Write back, word for word, the lines from the one containing "HP LaserJet CP5220" to the end of the listing below. Include nothing else, and no pictures.

▸ **GIVEN DATA**

=-=-=

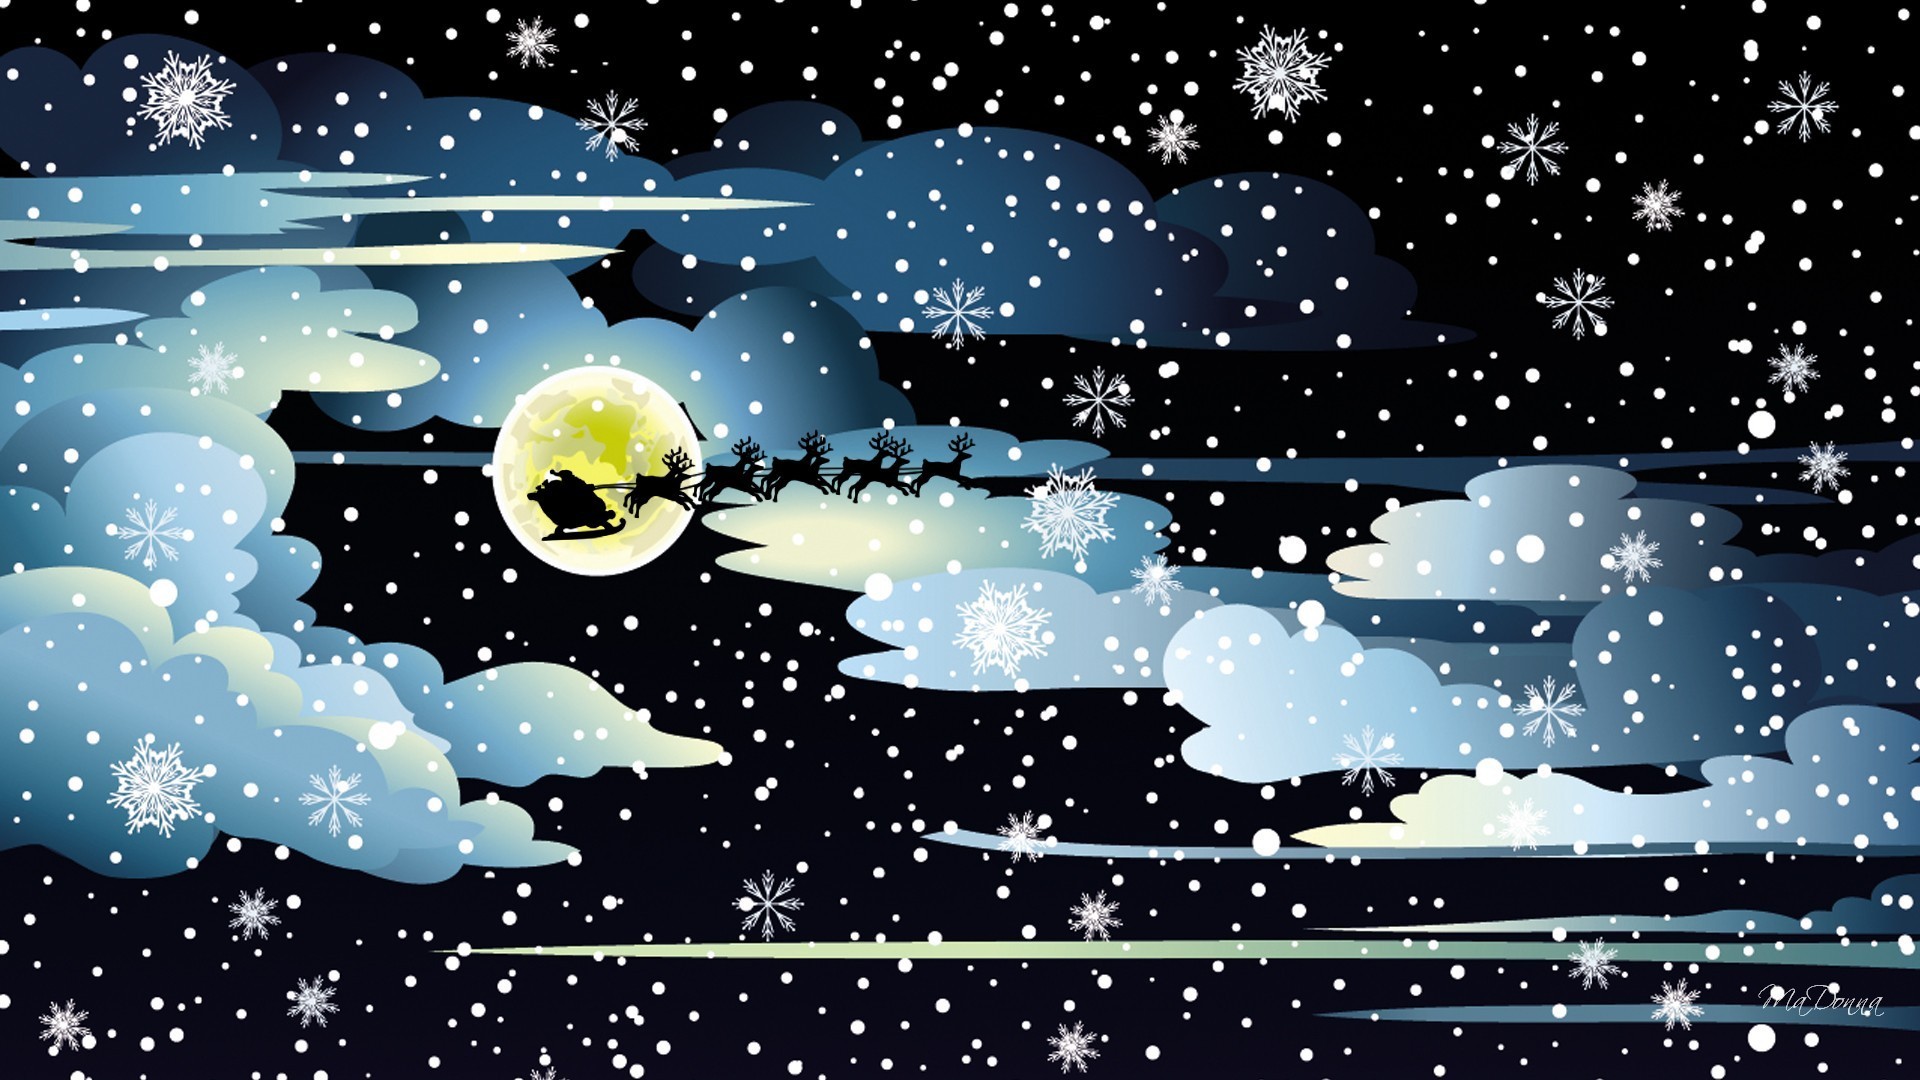 1920x1080 Eve Tag - Clouds Feliz Sky Full Christmas Stars Eve Nick Snowflakes Santa  Sleigh Reindeer Snow
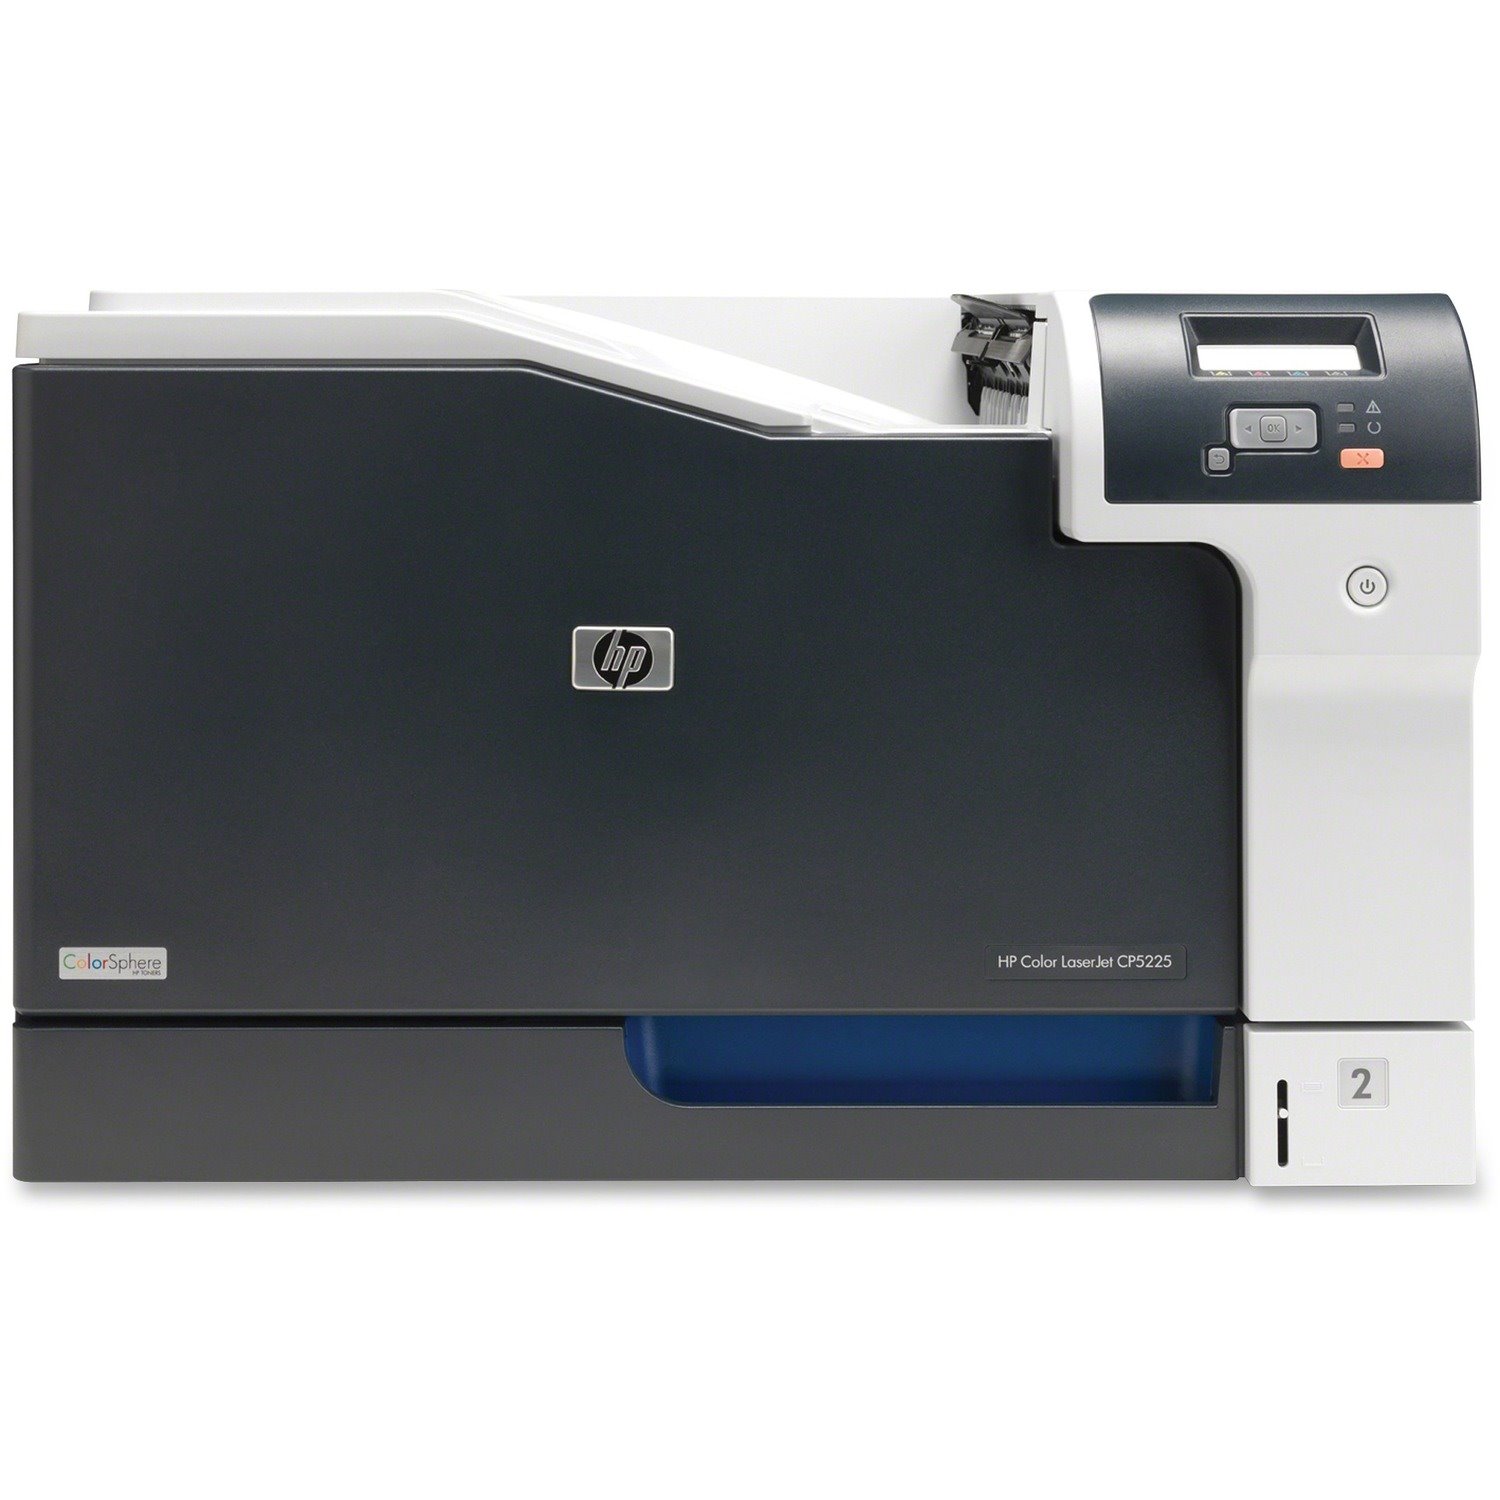 HP LaserJet CP5220 CP5225N Desktop Laser Printer - Colour
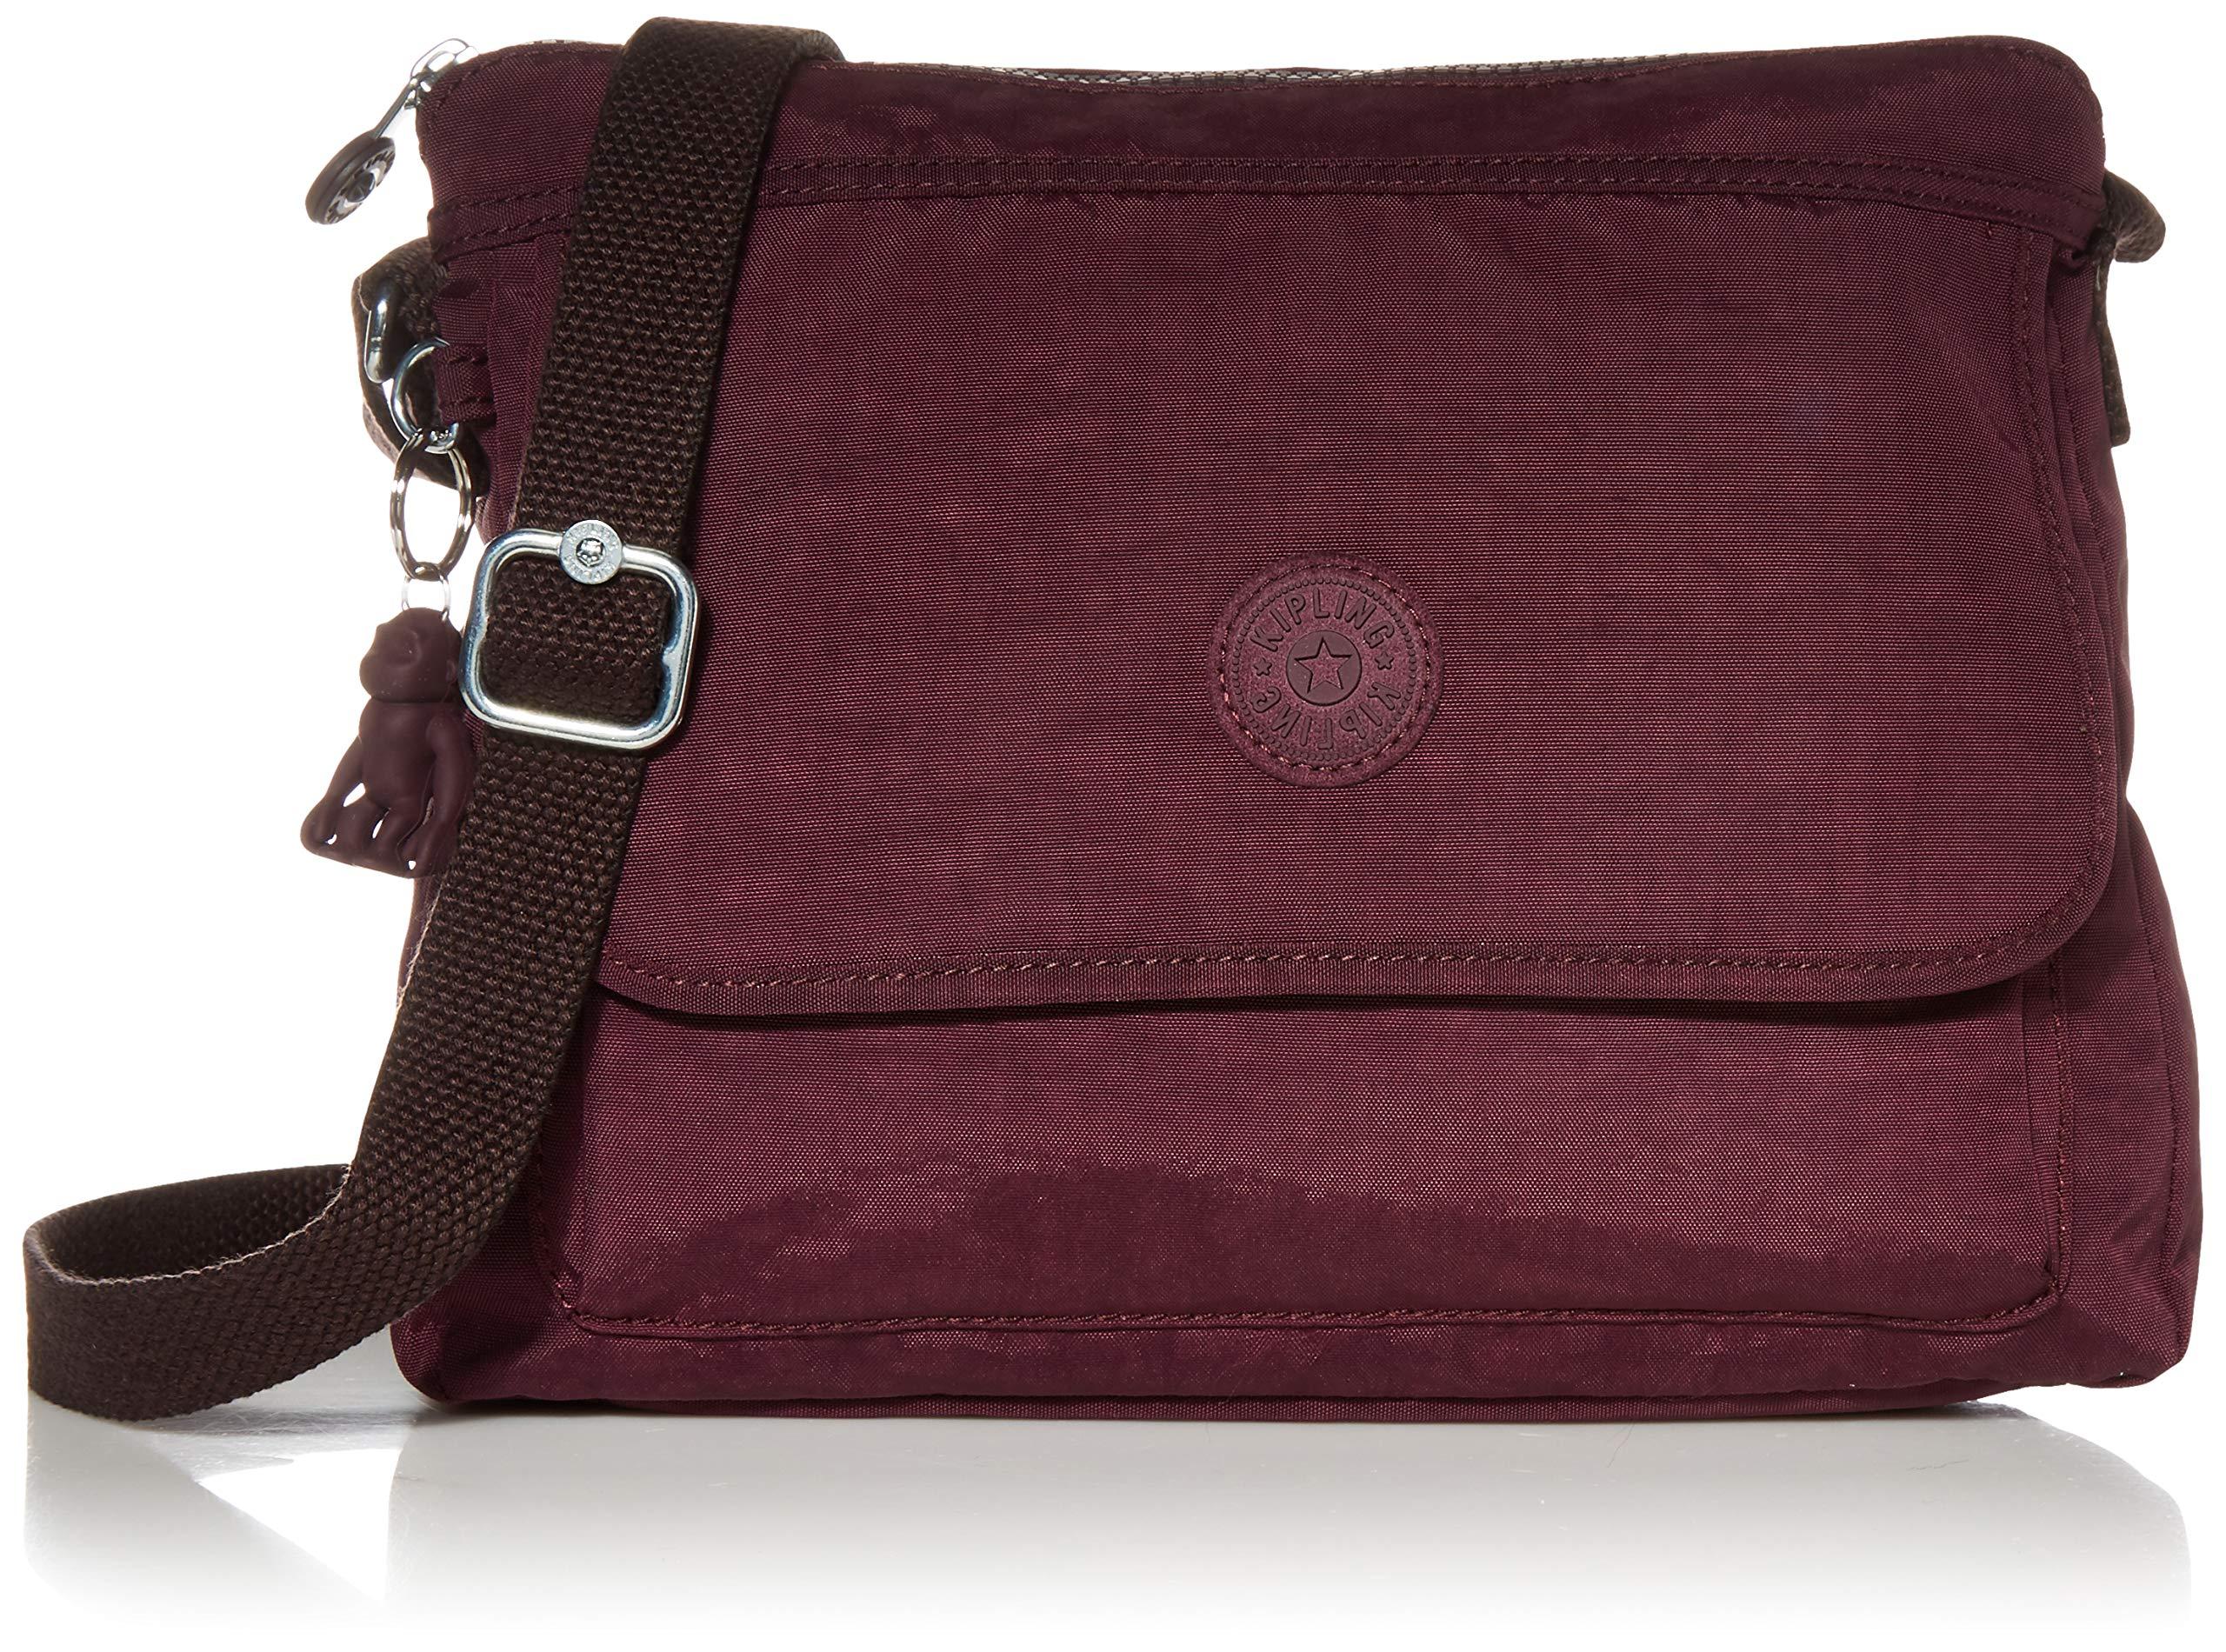 Kipling Synthetic Aisling Crossbody Bag in Dark Plum (Purple) - Lyst

=-=-=

▸ **RESPONSE BELOW**
 HP LaserJet CP5220 CP5225N Desktop Laser Printer - Colour
 Kipling Synthetic Aisling Crossbody Bag in Dark Plum (Purple) - Lyst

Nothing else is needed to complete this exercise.